POJ 2965 The Pilots Brothers' refrigerator

The Pilots Brothers' refrigerator

Time Limit: 1000MS		Memory Limit: 65536K
Total Submissions: 13567		Accepted: 5080		Special Judge

Description

The game “The Pilots Brothers: following the stripy elephant” has a quest where a player needs to open a refrigerator.
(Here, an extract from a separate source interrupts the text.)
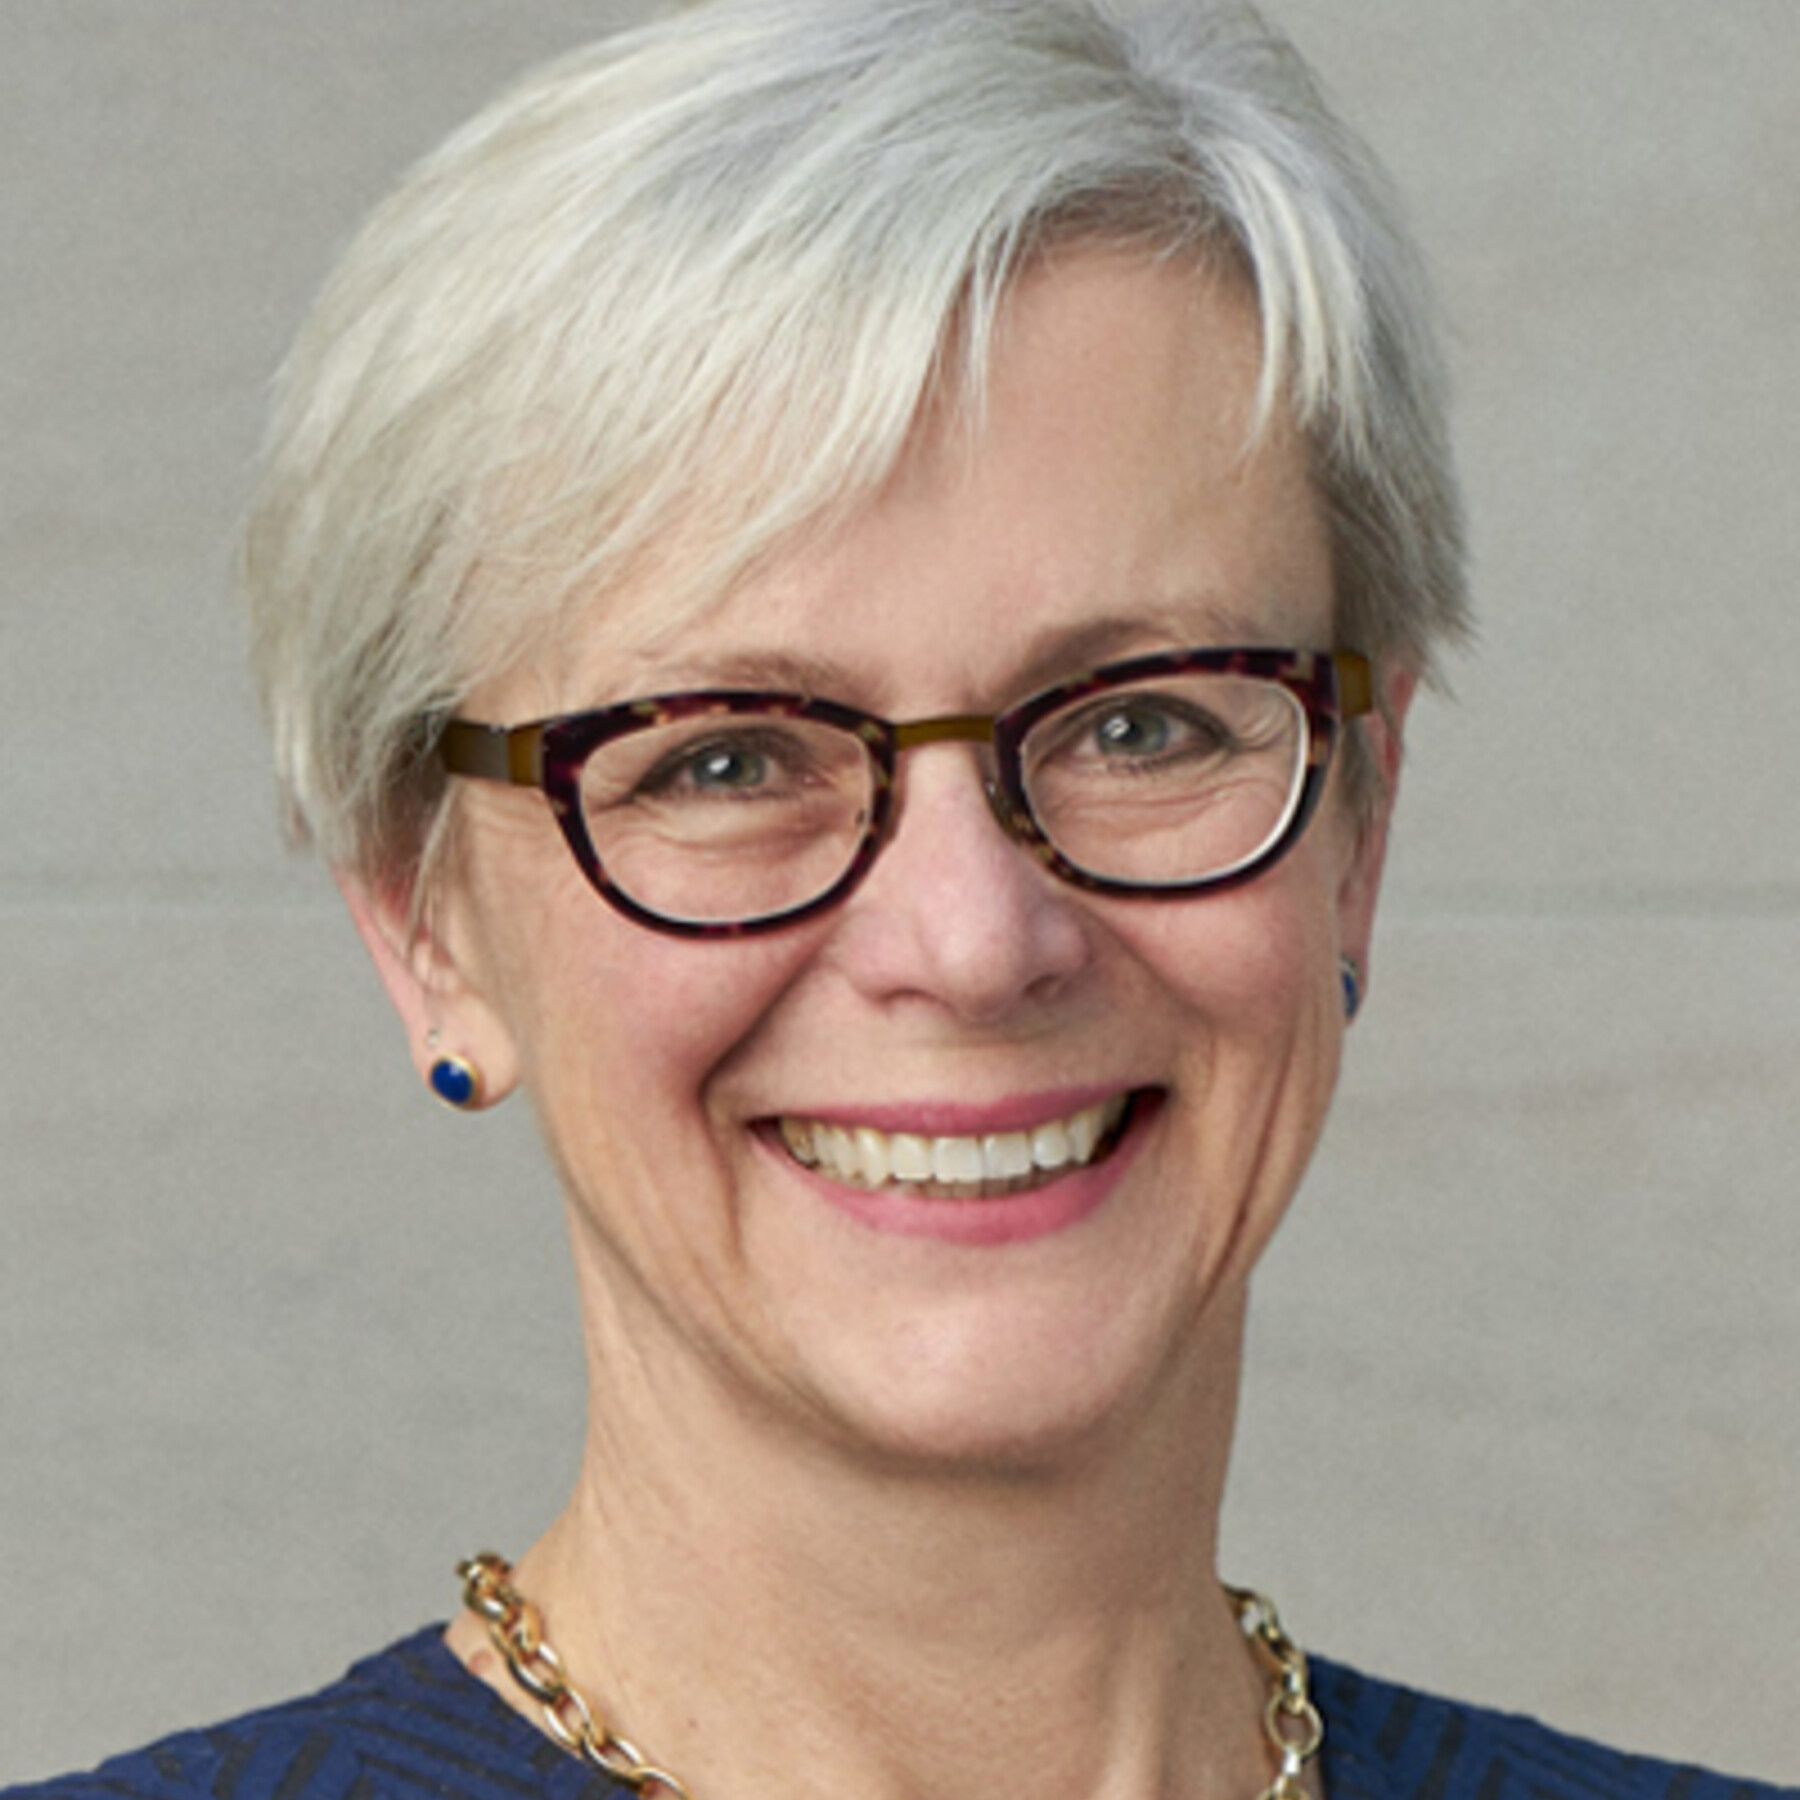 Photograph of Dr. Heidi Schmidt

There are 16 handles on the refrigerator door. Every handle can be in one of two states: open or closed. The refrigerator is open only when all handles are open. The handles are represented as a matrix 4х4. You can change the state of a handle in any location
[i, j] (1 ≤ i, j ≤ 4). However, this also changes states of all handles in row
i and all handles in column j.

The task is to determine the minimum number of handle switching necessary to open the refrigerator.

Input

The input contains four lines. Each of the four lines contains four characters describing the initial state of appropriate handles. A symbol “+” means that the handle is in closed state, whereas the symbol “−” means “open”. At least one of the handles is
initially closed.

Output

The first line of the input contains N – the minimum number of switching. The rest N lines describe switching sequence. Each of the lines contains a row number and a column number of the matrix separated by one or more spaces. If there are several solutions,
you may give any one of them.

Sample Input

-+--
----
----
-+--

Sample Output

6
1 1
1 3
1 4
4 1
4 3
4 4

Source
Northeastern Europe 2004, Western Subregion
解题思路：和1753Flip Game基本一样，买一送一。1753的传送门点击打开链接

#include<iostream>
using namespace std;
char chess[6][6]={'*'};
bool Chess[6][6]={0};
int row[16]={0};
int col[16]={0};
bool flag;
void flip(int x,int y)
{
	int i,j;
	Chess[x][y]=!Chess[x][y];//先翻目标位置，这样接下来两次翻转让它总共翻3次，等价于翻一次
	for(i=1;i<=4;i++)
		Chess[i][y]=!Chess[i][y];//翻动目标所在列
	for(j=1;j<=4;j++)
		Chess[x][j]=!Chess[x][j];//翻动目标所在行
}
bool finish()
{
	int i,j;
	for(i=1;i<=4;i++)
		for(j=1;j<=4;j++)
			if(!Chess[i][j])
				return false;
	return true;
}
bool dfs(int x,int y,int now,int deep)
{
	if(now>deep)   return false;
	if(finish())   return true;
	for(int i=x;i<=4;i++)
		for(int j=y;j<=4;j++)
		{
			flip(i,j);
			row[now]=i;col[now]=j;
			if(j<4)
			{if(dfs(i,j+1,now+1,deep))  return true;}
			else
			{if(dfs(i+1,1,now+1,deep))  return true;}
			flip(i,j);
			if(j==4)
				y=1;
		}
	return false;
}
int main()
{
	int i,j,k,step;
	for(i=1;i<=4;i++)
		for(j=1;j<=4;j++)
		{
			cin>>chess[i][j];
			if(chess[i][j]=='-')
				Chess[i][j]=true;
		}
    for(step=0;step<=16;step++)//一共可翻动0,1,2....16个位置，共2^16种可能
		if(dfs(1,1,0,step))//起始目标位为（1,1），已翻动的位置数为0，可供翻动的位置数为step
			break;
	cout<<step<<endl;
	for(k=0;k<step;k++)
		cout<<row[k]<<" "<<col[k]<<endl;
		return 0;
}